最高到達地点を作った向源から、お寺社会が学ぶこと
先日、『世界最大の仏教フェス・向源』に出かけて来ました。浄土宗の大本山・増上寺で行われ、仏教や日本文化にふれるワークショップを50以上も用意。本当に世界最大かどうかは私には分かりませんが、少なくともお寺に行きまくっている私でも最大を実感するエキサイティングなイベントでした。
そしてこのイベントの何よりの特徴は、全てお坊さんやその関係者だけで企画・運営されていることです。当日は事前に募られたボランティアスタッフだけで200人超、来場者は2000人に登りました。しかしここにはマーケティングやイベント企画会社などは一切入っていません。このことは何よりも特筆すべきことだと私は考えています。
2014.4.29 増上寺で行われた向源の写真です。かなり暗い部屋なので画質は全天球カメラの限界が来ていますが、盛り上がりっぷりは伝わるのではないでしょうか。【photo 宿坊研究会】 – Spherical Image – RICOH THETA
↑上の360度写真はRICOH THETA(リコー シータ)で撮影しました。マウスで動かせますよ。
話は変わりますが、私は個人や社会が成長する時の大切にしている指標の一つに、最高到達地点があります。これは最も大きな数字やすごかった経験、または今まで全くなかったものが作られた時のことを指しますが、以前ここまでやることができたと自分で思える(そして他の方に伝えられる)到達地点は、将来に向けて大きな飛躍の要素になります。

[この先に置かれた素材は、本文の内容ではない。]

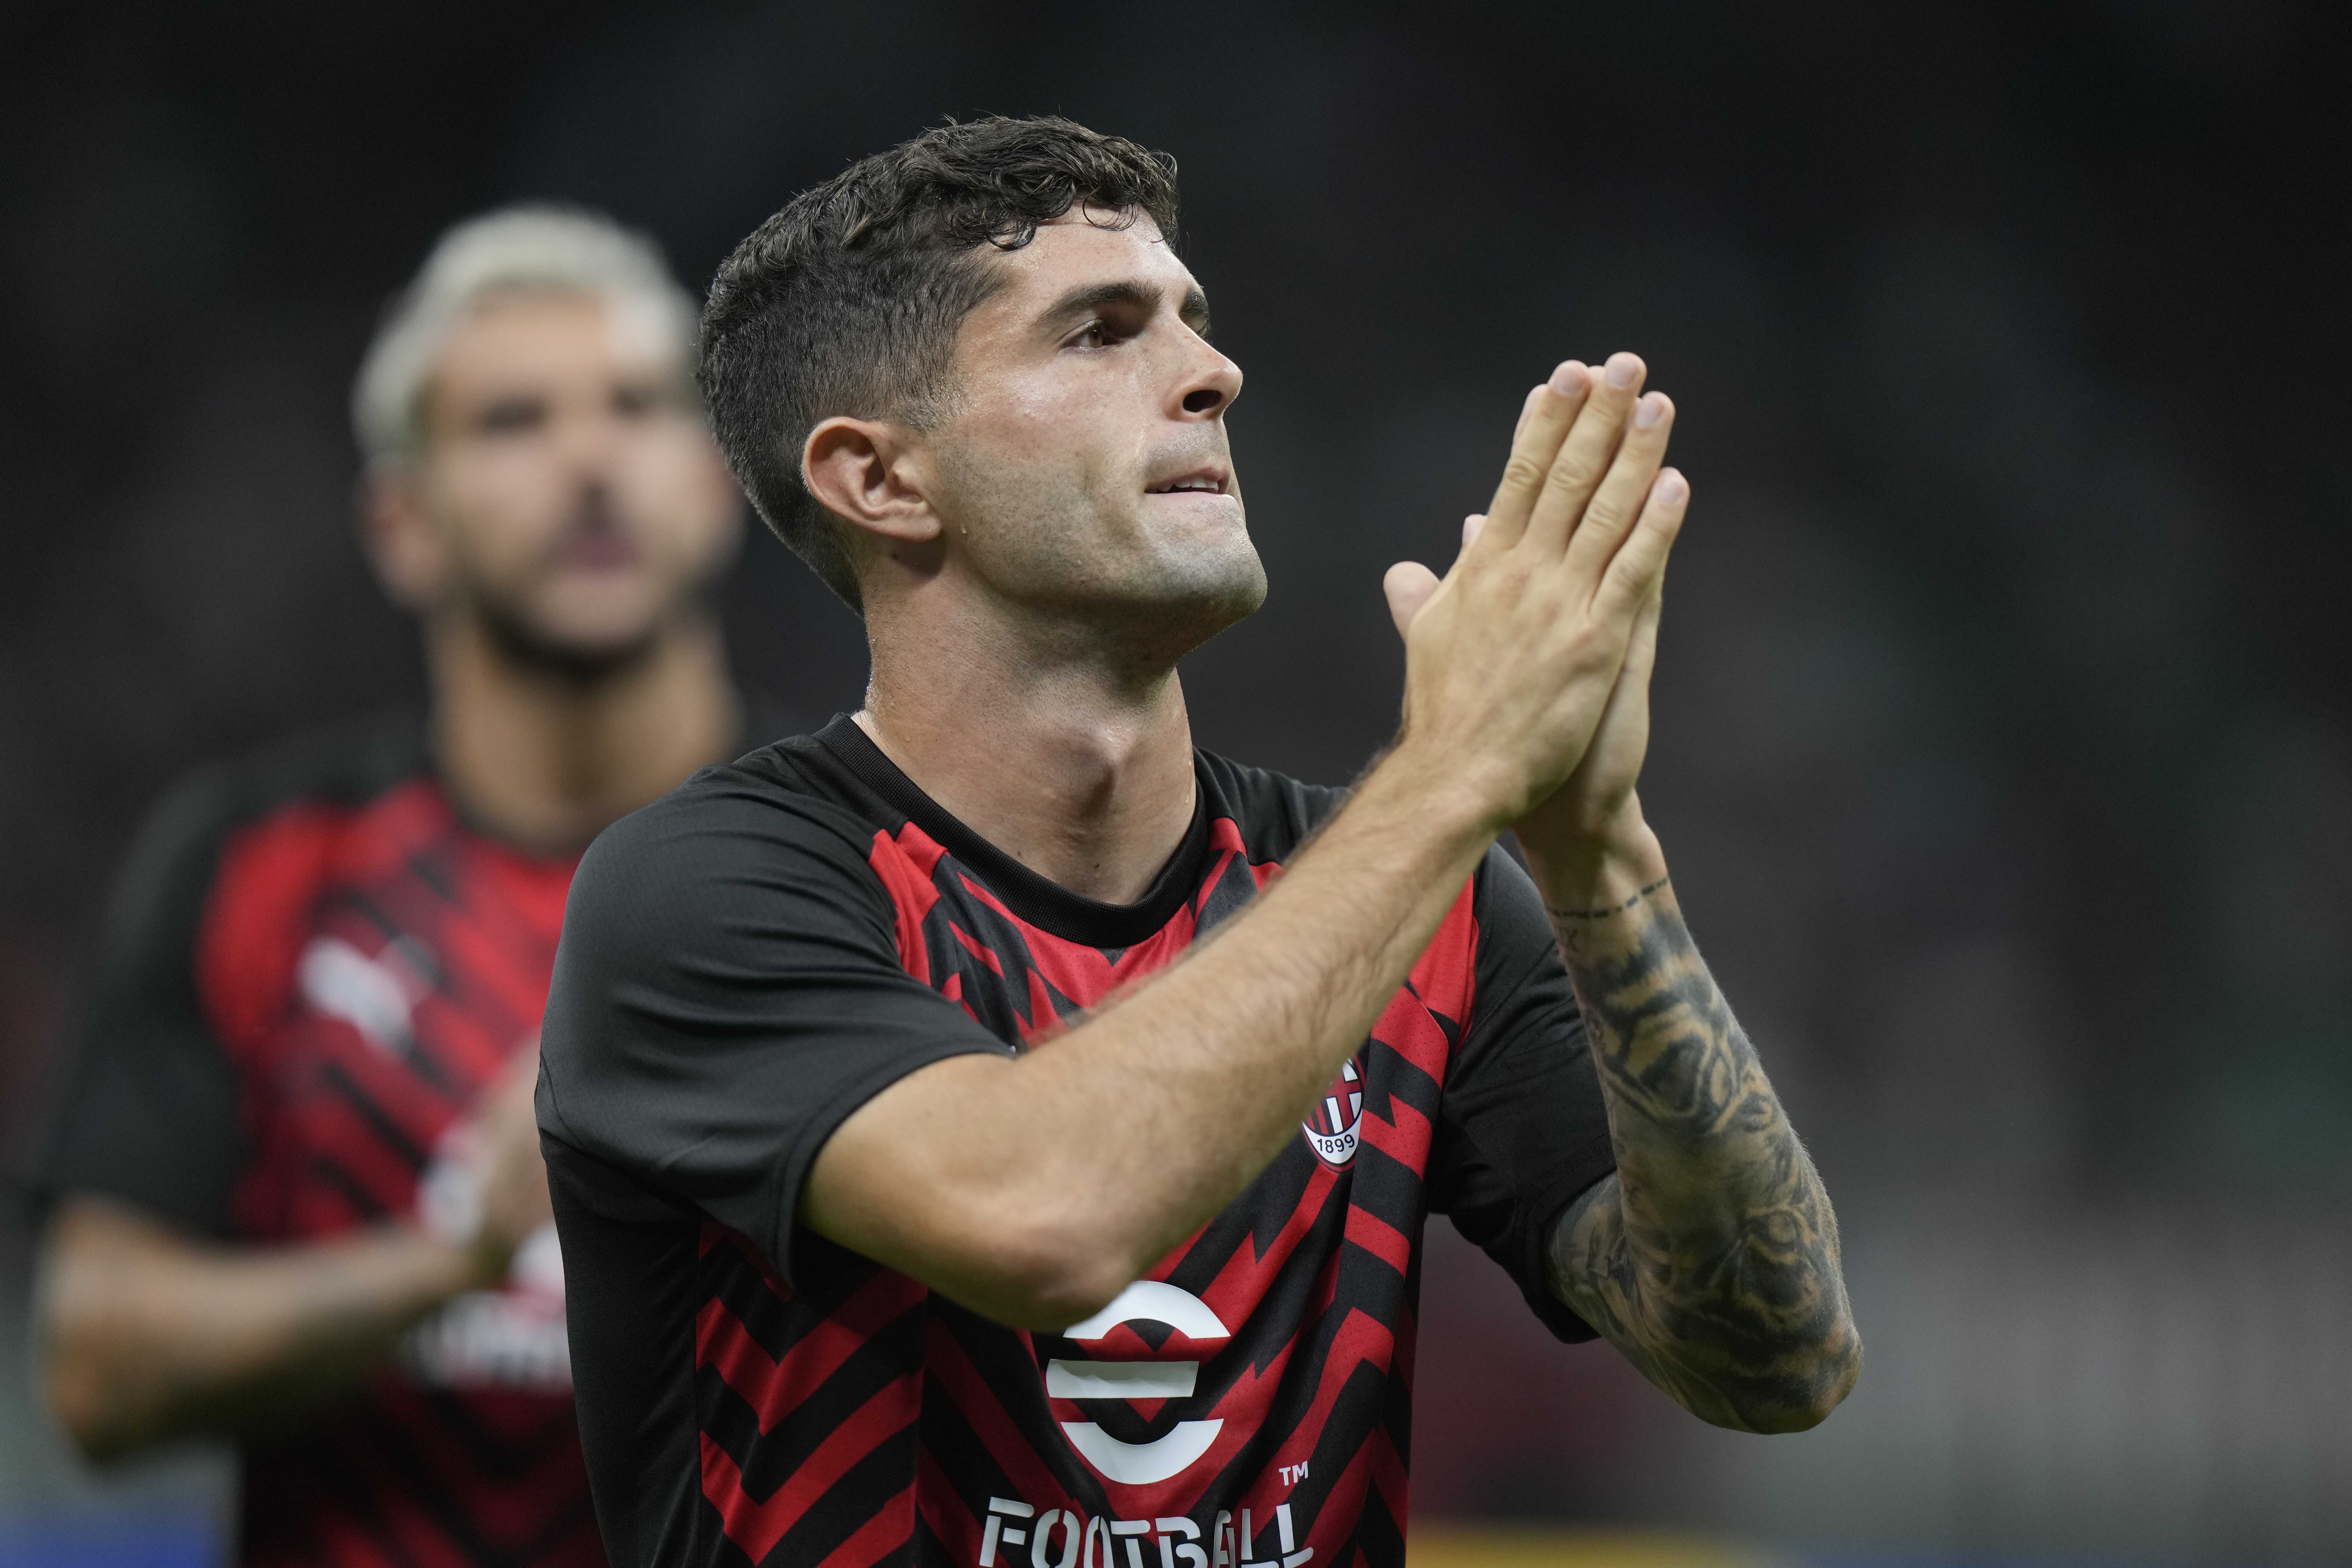 How to watch Christian Pulisic, AC Milan vs

例えば私で言えば、200人のお坊さんの前でお寺活性について講演したことは一つの到達地点です。また、明石家さんまさんとテレビで縁結びの話をしたのもそうでしょう。フランスのテレビ局から取材を受けたのも、そのひとつかもしれません。
翻って向源ですが、これは個人だけでなく、お坊さん世界全体にインパクトを与える最高到達地点になったと感じています。どこかの会社に丸投げするのではなく、仏教や日本の良いものを伝えたいという想いを束ねて、お坊さん達が汗をかきながら作り上げました。
向源の会場となった増上寺境内を歩きながら、私は知り合いのお坊さんにもいろいろお会いしました。その中にはこのイベントは勉強になるからと、仲間のお坊さんを引き連れて見学されていた方がいました。また当日知り合ったとある女性は、話を聞くとお寺の娘さんでした。開催直前に向源のことを知ったため、増上寺に着くのが夜になるにも関わらず、一目だけでも会場を見ておきたいと世界遺産・白川郷から駆けつけてきたそうです。
オリンピック陸上100メートル走では長い間誰も10秒を切ることができず、カール・ルイスが初めて9秒台を出した(手動計測では過去にジム・ハインズが10秒を破っていますが)ところ、多くの選手が10秒を切るようになったという有名な『10秒の壁』があります。
この周りが壁を超えるための勇気を与える存在になったと、今回の向源を歩いて感じたのです。
向源の代表であり最初に企画した友光雅臣さんはまだ30歳と、お坊さん世界ではまだ一番下の世代です。しかも向源自体ももともと友光さんが所属する常行寺という町中の小さなお寺(といったら、失礼でしょうか)で行われた声明イベントから始まっています。
初年度(2011年)は訪れた人間が70名ほどの、ごくごく小規模なものでした。それが2年目で150名、3年目で300名の来場。4年目となった今年は一気に2000人が訪れる大規模イベントへと成長していきました。
代表の友光さんは東京オリンピックに向け、今回の到達地点をさらに登山口に変えて、日本を世界に伝える仏教フェスへと発展させていきたいとおっしゃっています。以前にその計画書を拝見させて頂きましたが、今後は各宗派の本山レベルのお寺で複数会場同時開催も目指しているそうです。これは他のお坊さんにも計り知れない影響をもたらしていくのではないでしょうか。
イベント制作会社に任せなくてもここまでできる。私は友光さんには向源をさらに発展させることはもちろん、この経験を多くのお坊さんと共有してほしい(できれば本を書いてほしい。今なら電子書籍などでもすぐにできますし)と考えています。それはお寺世界全体の財産になります。
私も向源には毎年足を運んでいますが、一年一年ステップアップしていくこのイベントに次はどうなるか? 次はどうなるか? と、ワクワクしています。
先頭を歩く友光さんも、それを助けるお坊さんや仲間たちも、来年はさらに強烈なプレッシャーとの戦いです。ですがお寺社会全体がこのイベントには注目し、支えていってよいのではと考えています。もちろん宿坊研究会でも応援しています。